Competitive surface hybridization has been implicated as a mechanism affecting the quantative interpretation of DNA microarray data, especially in the presence of single nucleotide polymorphism (1–3). Tawa et al. have analyzed composite hybridization curves (4) and suggested that errors in analysis originated from competition between two or more species. Recently, competitive hybridization between two DNA species has been modeled (5,6), demonstrating the nonlinear dynamic behavior of each species that is not observed in the composite signal.
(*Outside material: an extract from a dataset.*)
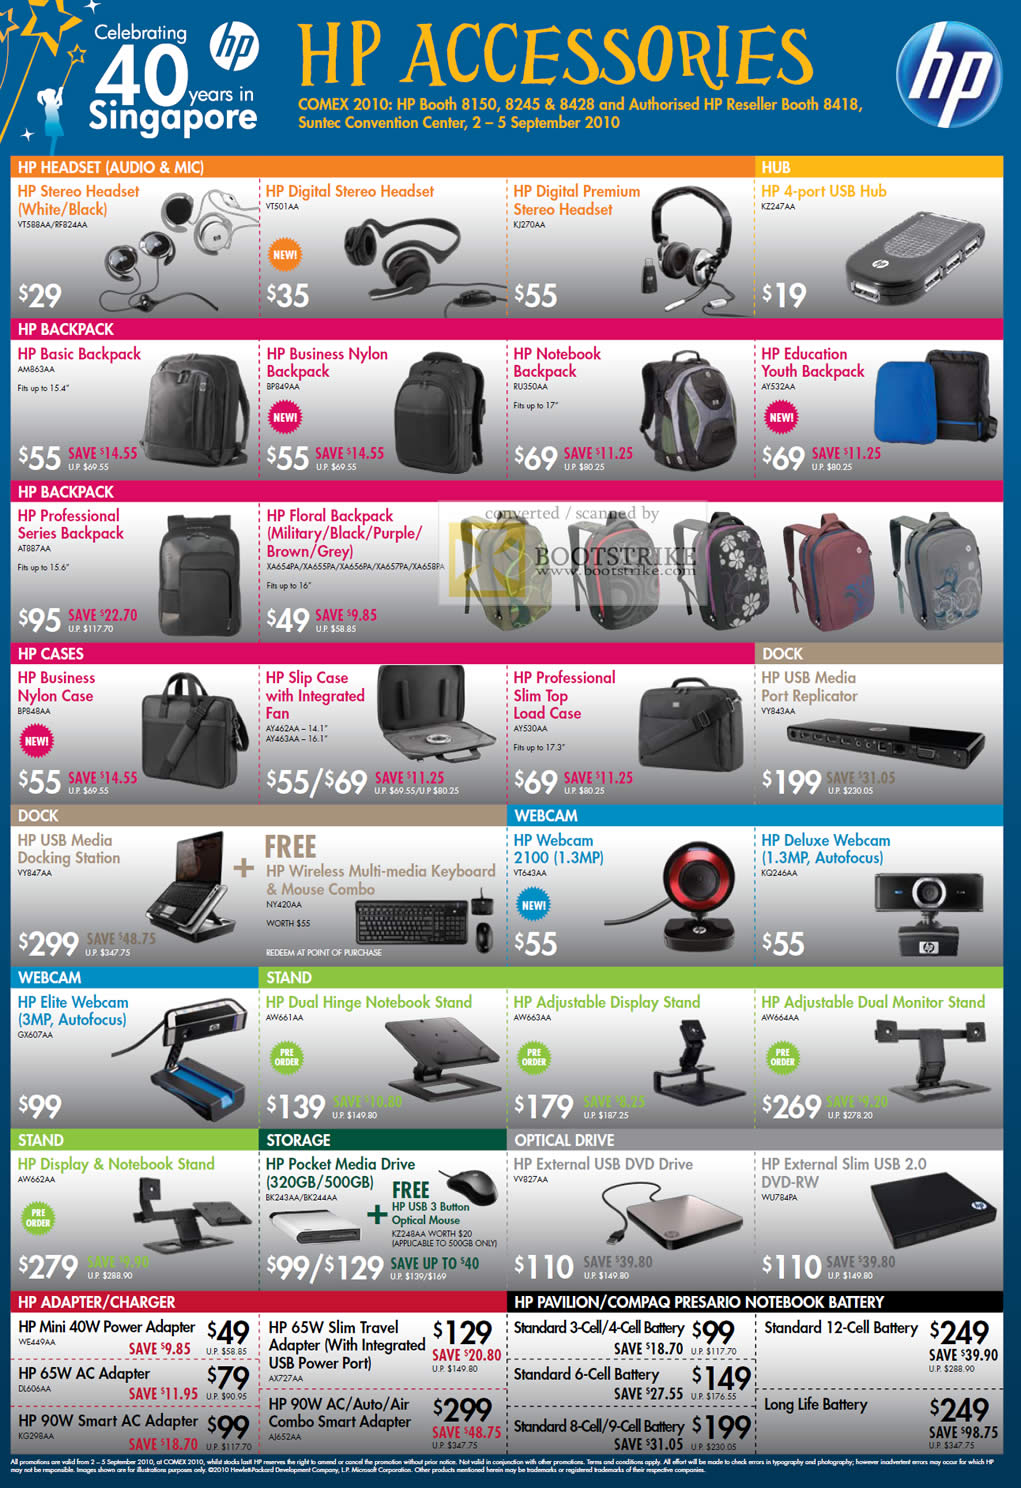 Comex 2010 price list image brochure of HP Accessories Headset Backback Case Dock Webcam Stand External Storage DVD Drive Adapter Charger Battery

Competition between different targets hybridizing to the same probe site produces two effects that adjust hybridization rates. The first is the reduction in binding sites due to hybridization of multiple targets, and the second is the displacement of lower affinity targets by higher affinity targets. In this Letter, we provide, to our knowledge, the first direct experimental evidence of the displacement of low affinity targets during surface hybridization by monitoring the individual components of a two-component hybridization for two model systems containing a 20 base wild-type sequence and an SNP sequence. In one of the systems used, the wild-type sequence folds. The experimental results clearly show the higher concentration species dominate the initial phase of hybridization, whereas during the second, competitive, phase, the match (i.e., higher affinity) species displaces the mismatch.

A detailed description of experimental methodology is presented in the Supplementary Material; here we provide a brief description. Hybridization experiments were carried out using quartz microscope slides with an epoxysilane surface vapor deposited in-house. Hybridization and control spots of 400 µm diameter were also spotted in-house. Hybridization experiments were performed at 40°C, with temperature control provided by a Peltier device. At the beginning of each experiment, a 50 µL of sample was injected into a coverslip provided by BioMicro Systems (Salt Lake City, UT). The temperature was then raised to melt any initial duplexes formed, and reduced to the hybridization temperature, at which point data collection was performed.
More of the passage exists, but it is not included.